Ajinomoto Increases Price of ABF Films by 30%

Alina Collins
Published 2026-05-13About 9 min read

The key raw material for AI chip packaging is about to face a significant price increase.

According to DIGITIMES, Ajinomoto has notified integrated circuit substrate manufacturers that the price of its core product, ABF filler film, will be increased by 30%, and the new price is expected to take effect in the third quarter of 2026. Taiwan's packaging substrate manufacturers have confirmed receiving the aforementioned notice.

Based on an estimation of the cost structure of ABF substrates used for AI GPUs and ASICs, if the price increase is implemented, it will directly push up the cost pressure of the substrate materials, driving the overall substrate pricing with an additional 3% to 6% upward adjustment space.

What is ABF and why is it so critical

Ajinomoto Build-up Film (ABF) is a high-performance insulation film in advanced chip packaging substrates, responsible for isolating the signal layers between the chip and the circuit board to prevent high-frequency signal interference. This material, initially created by Ajinomoto in 1999 from a byproduct of the monosodium glutamate manufacturing process, is widely used in personal computers, data center servers, and AI chips.

ABF holds over 95% of the global market share, essentially being an irreplaceable monopolistic material. The segment is expected to achieve an operating profit margin of 54% in the fiscal year ending March 2026, significantly higher than the approximately 15% level of Ajinomoto's core condiment and food business.

AI chips drive demand to exponential growth

The requirements for packaging density and signal integrity by AI accelerators have significantly increased, leading to a substantial rise in the per-chip usage of ABF— the number of ABF layers required for AI accelerators has increased from 4 to 6 layers for regular PC chips to 8 to 16 layers, with top-tier GPUs requiring even more.

The market predicts that the supply-demand gap for ABF substrates will reach 10% in the second half of 2026, expand to 21% in 2027, and further rise to 42% in 2028. Amidst the persistent supply-demand imbalance, the 30% price increase is not a one-off event but a signal of structural scarcity in pricing.

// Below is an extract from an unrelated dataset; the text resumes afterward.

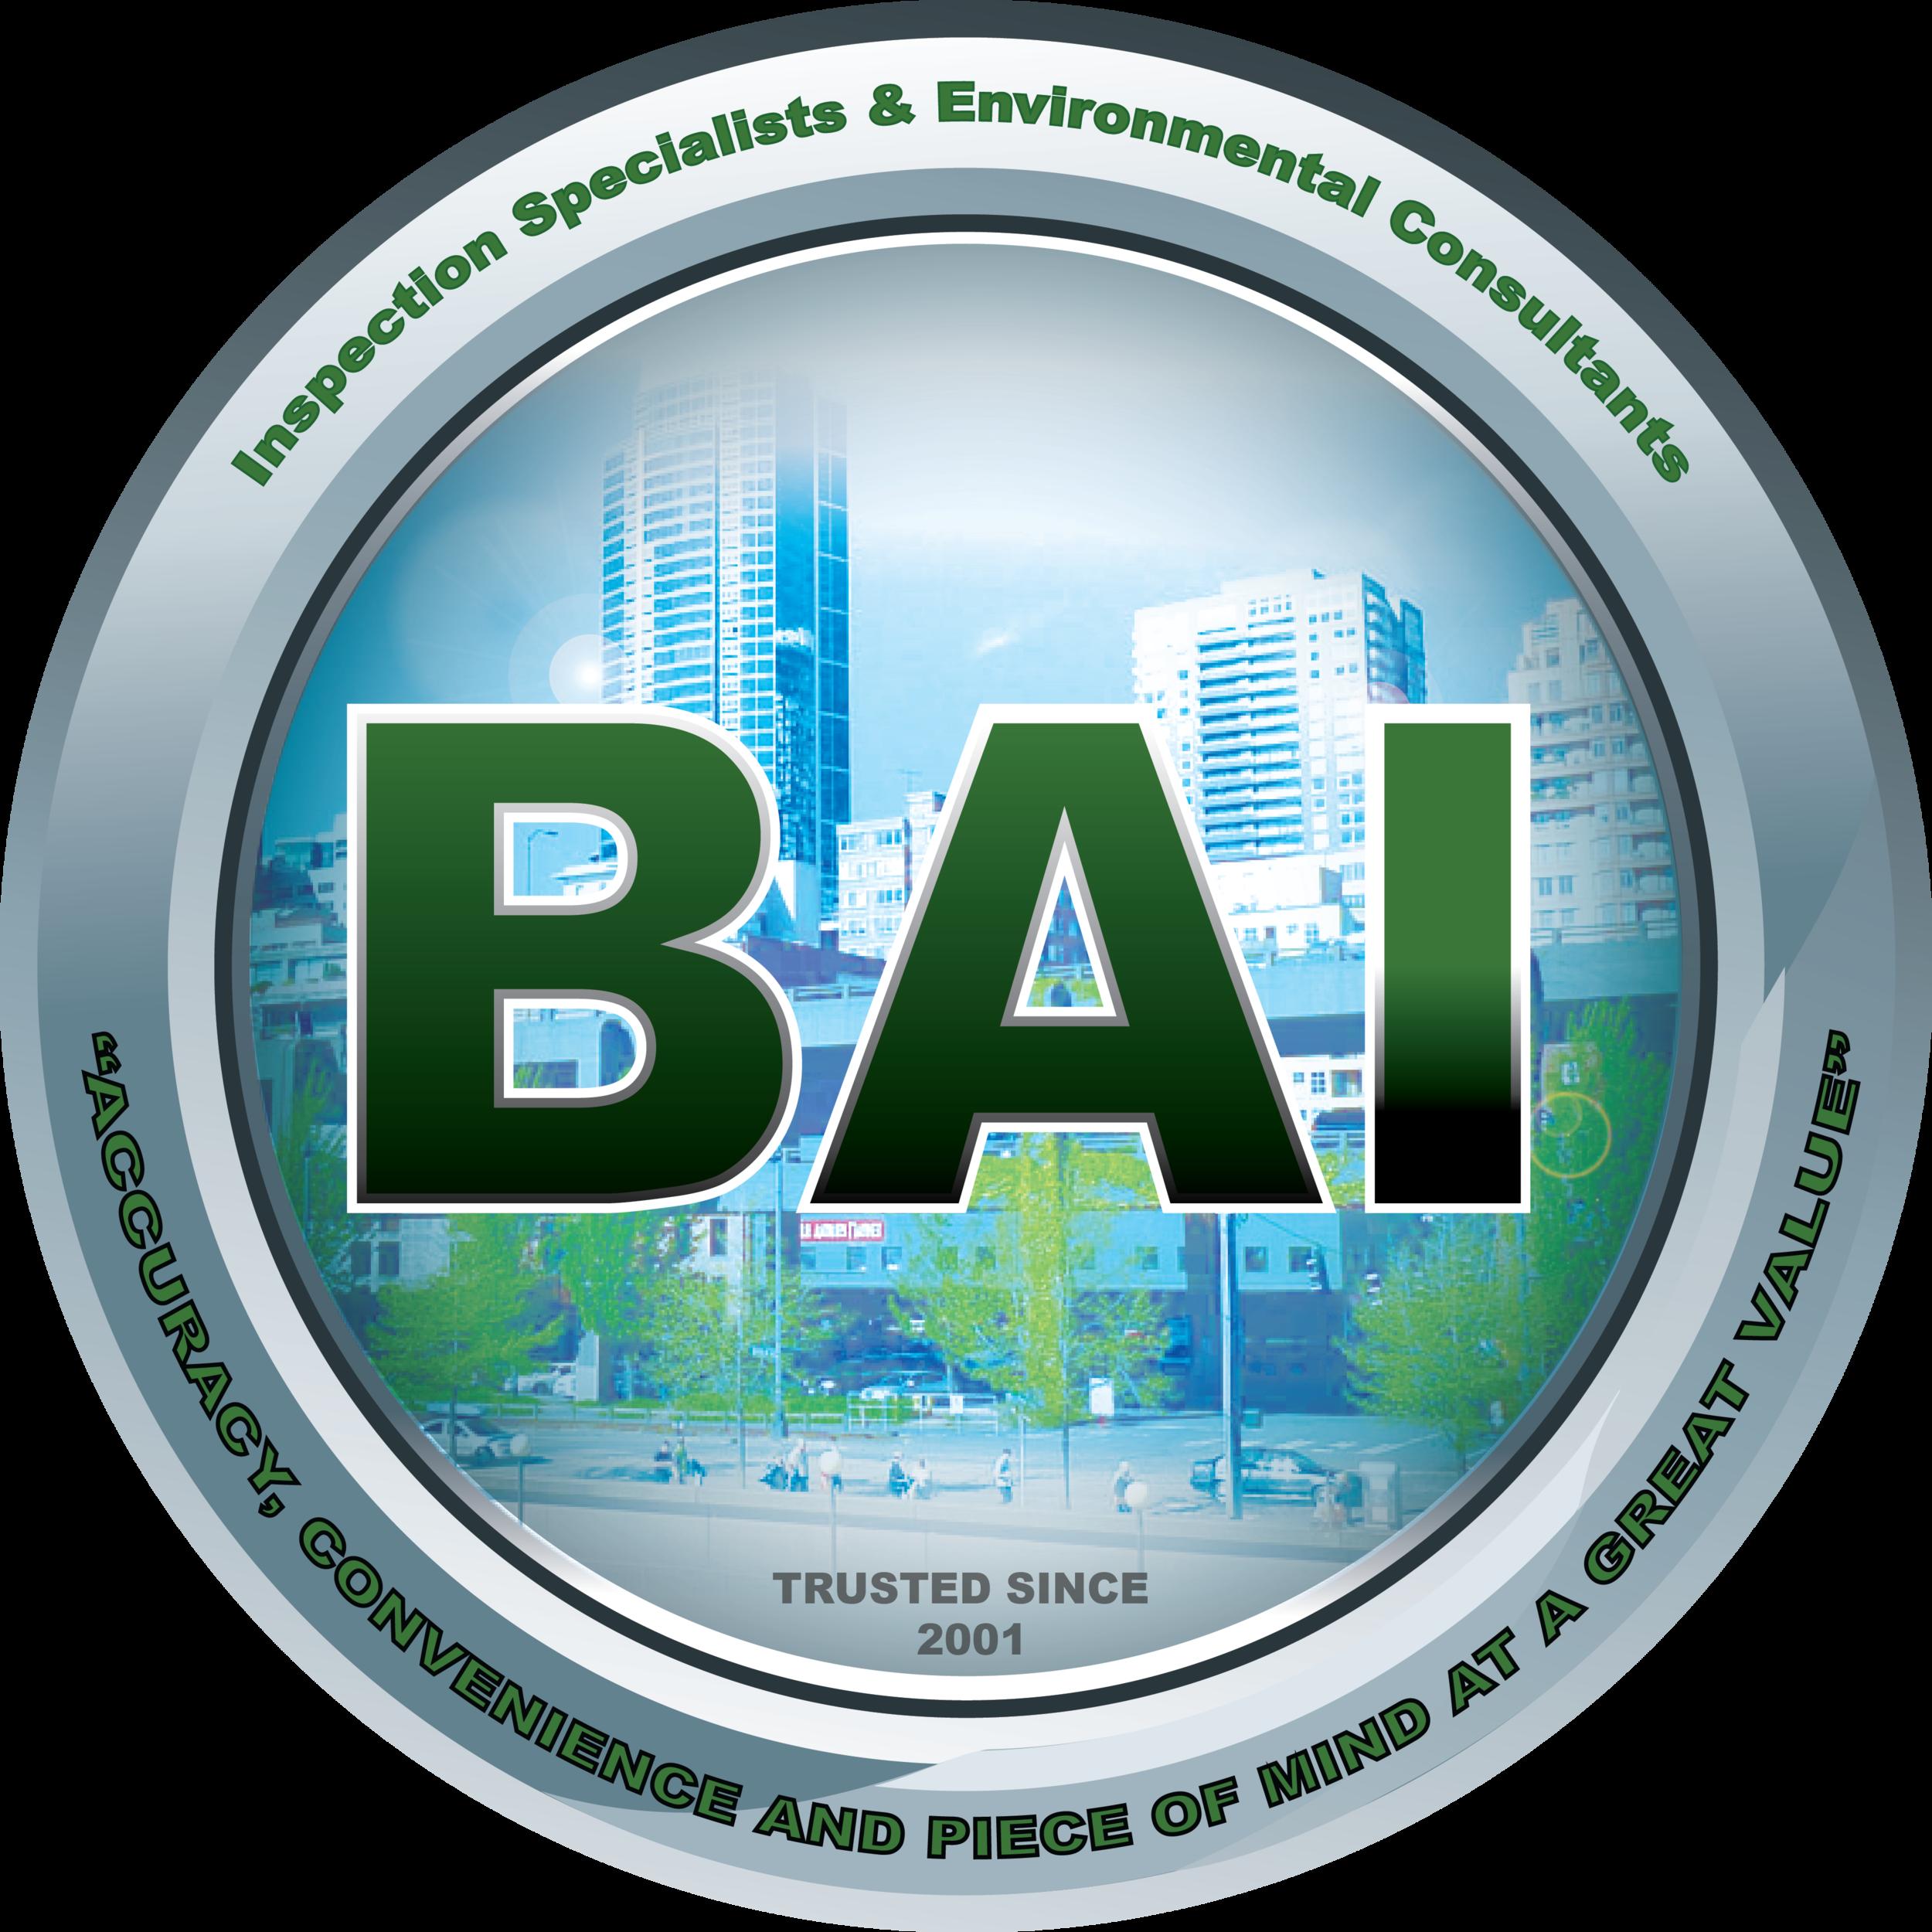 baicommercialinspectionslogo.png

Ajinomoto continues to expand production, betting on optoelectronic fusion packaging

In response to strong demand, Ajinomoto has already started the operation of an ABF coating factory in October last year and plans to invest more than 2.5 billion yen to expand production capacity before 2030.

For a more long-term layout, Ajinomoto aims to develop new materials for optoelectronic fusion packaging after 2030, enhancing high-speed data processing and communication capabilities while reducing energy consumption to meet the requirements of the next generation of AI chip architectures.

Content is for reference only, not financial advice.